Does the HHS mandate “substantially burden” the “exercise of religion” by those persons and organizations who have religious beliefs that forbid them from providing contraceptives and abortifacients? Again, the answer is clearly yes.
Let’s begin with what the “substantial burden” test means under the pre-Smith regime that RFRA restored statutorily. As the Court made clear in Sherbert v. Verner, the question is not limited to whether a law “directly compel[s]” a person to act contrary to his religious beliefs but extends as well to “indirect” burdens. Adell Sherbert was denied unemployment benefits because she refused to work Saturdays. The state was not directly compelling her to work on Saturdays—or to seek employment at all. Nevertheless, as the Court put it:
The [agency] ruling forces her to choose between following the precepts of her religion and forfeiting benefits, on the one hand, and abandoning one of the precepts of her religion in order to accept work, on the other hand. Governmental imposition of such a choice puts the same kind of burden upon the free exercise of religion as would a fine imposed against appellant for her Saturday worship.
It is likewise clear that “substantial” is a very low threshold. In Wisconsin v. Yoder, for example, Jonas Yoder and Wallace Miller, the two fathers who refused to send their children to high school, “were fined the sum of $5 each.”

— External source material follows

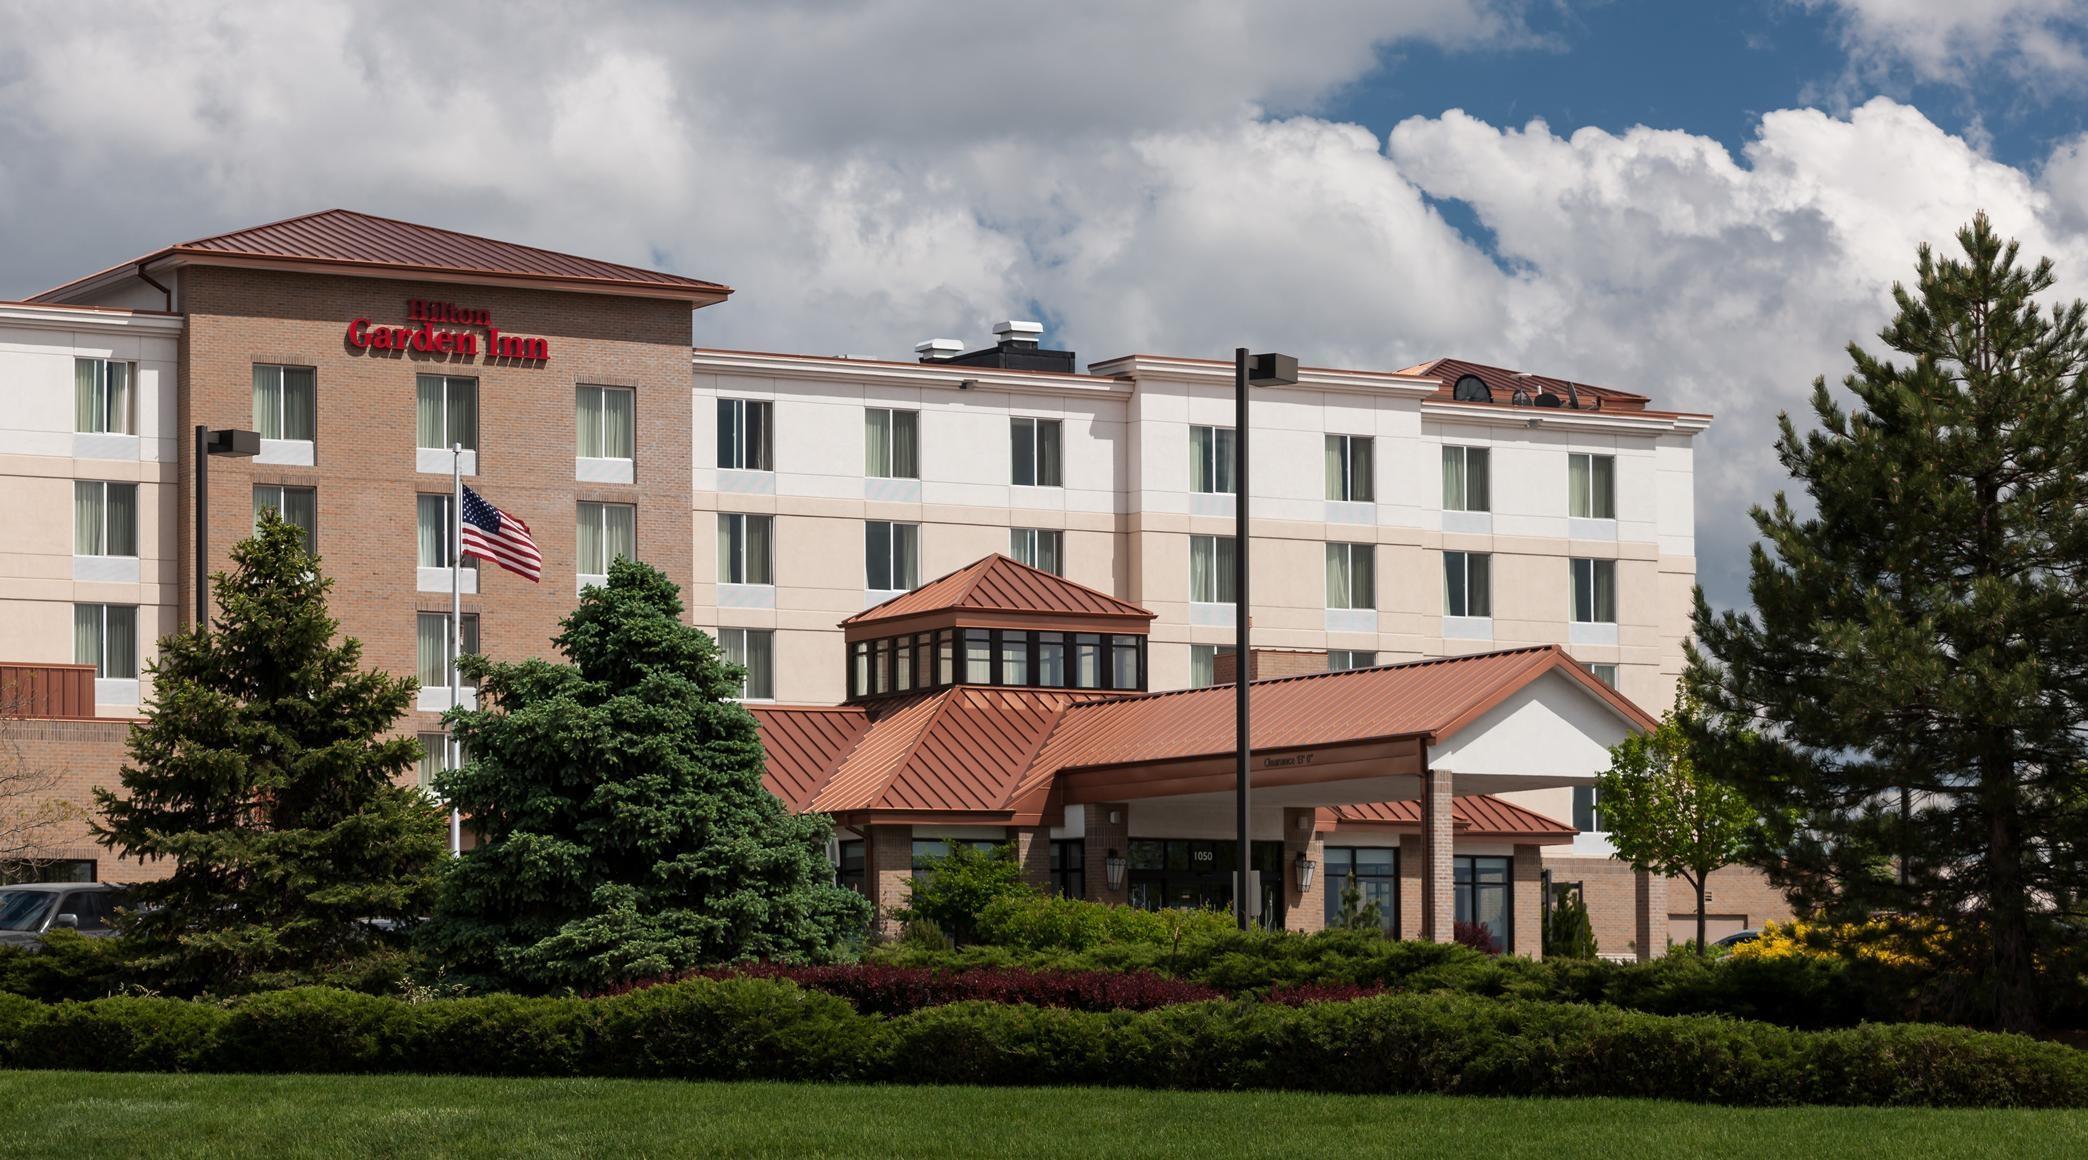 Hilton Garden Inn Denver/Highlands Ranch image 1

Employers who violate the HHS mandate, and who thereby fail to provide the coverage HHS deems necessary under Obamacare, incur an annual penalty of roughly $2000 per employee. More precisely, as I understand it, the base penalty is $2000 x (number of full-time employees minus 30), and the base is increased each year by the rate of growth in insurance premiums. So, for example, Belmont Abbey College (one of the two plaintiffs already challenging the HHS mandate), which has 200 full-time employees, is facing an annual base penalty of $340,000. Colorado Christian University (the other plaintiff) has 280 full-time employees and is facing an annual base penalty of $500,000.
It’s true, of course, that employers who object to the HHS mandate could avoid any fine by shutting down their operations. Likewise, Adell Sherbert could have stayed out of the labor market or worked part-time, and Jonas Yoder and Wallace Miller could have moved their families out of Wisconsin. The availability of that exit option plainly does not negate the “substantial burden” that each is subject to. To apply the Sherbert passage above to the HHS mandate:
The HHS mandate forces Catholic employers to choose between following the precepts of their religion and incurring huge fines, on the one hand, and abandoning one of the precepts of their religion in order to stay in business, on the other hand. Government imposition of such a choice puts the same kind of burden upon the free exercise of religion as would a fine imposed against Catholics for their opposition to contraceptives and abortifacients.